Persecution

During the times of persecution, when Catholic education was surrounded by enormous difficulties, the fathers tried to supply it as far as their means and opportunities allowed. Their efforts were naturally on a small scale and records are wanting. But in one place, Esker, near Athenry, their efforts were crowned with great success. In 1678 they opened a school in a wood adjoining their friary which became so famous in a short time that it drew students from every part of the Kingdom. Several of these afterwards became bishops or occupied various other ecclesiastical positions, and many made a mark in the professions of the law and of medicine. The students were scattered here and there in the wood and adjoining district, divided into small batches, each batch living under the direction of a tutor in little wooden or wattle huts constructed by themselves, their food and clothing being sent to them regularly by their friends. In the morning they all came together in an open space in the wood for lessons and dispersal again to their huts when the work of the day was over.
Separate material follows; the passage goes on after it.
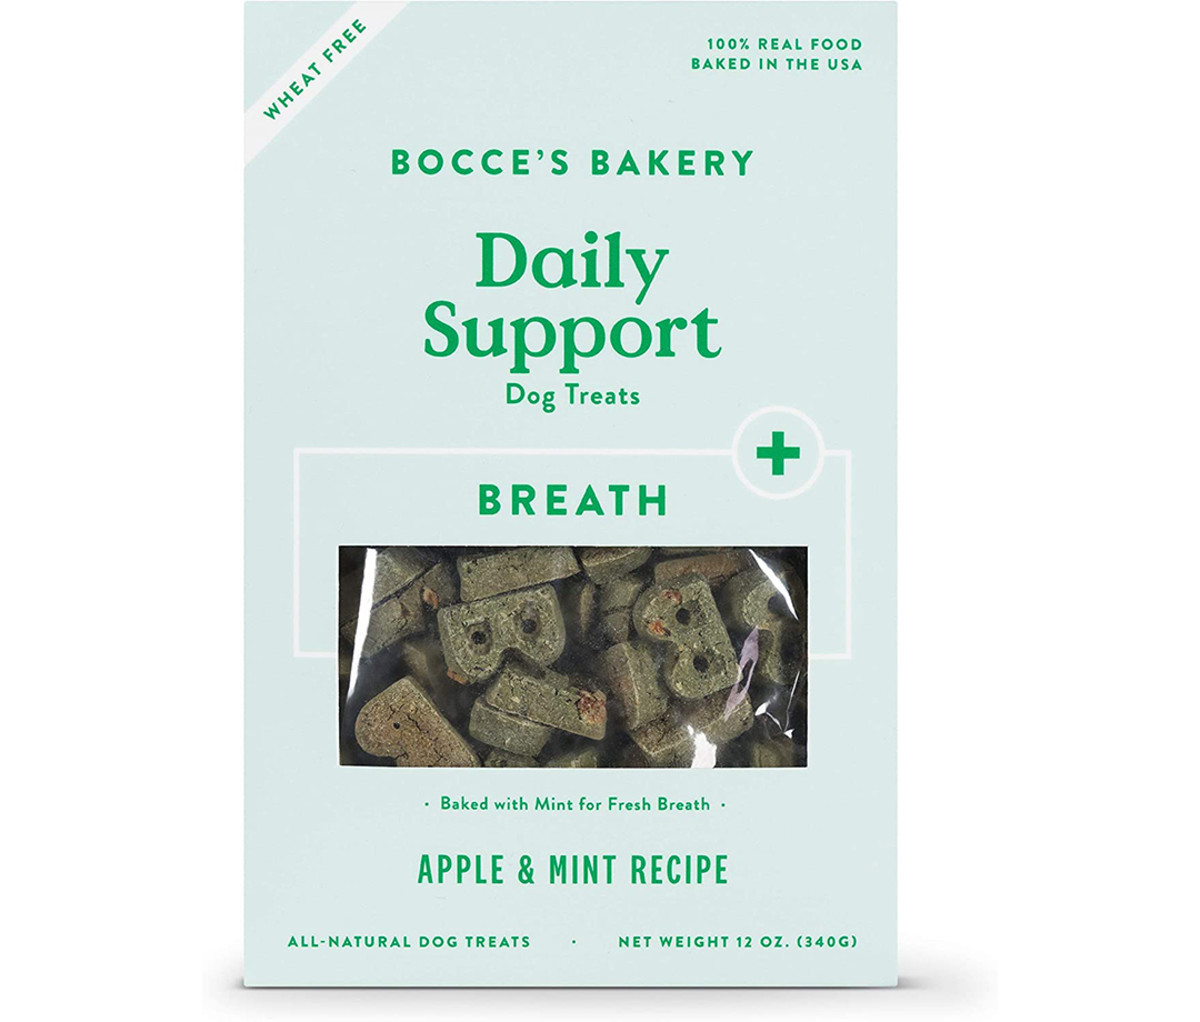 Bocce’s Bakery Breath Daily Support Treats

The school was begun and ended with prayer, the Rosary of the Blessed Virgin being always recited before the students dispersed in the evening.

The school was broken up for a few years, during persecutions, but was resumed in 1683, the year in which the author of this account received the habit of the Order in this very place.

He tells us that there were at least a hundred of his name - Burke - in the school at the time, but it had to be closed in 1691, owing to the Jacobite war in Ireland and the eviction of the fathers from their place of refuge.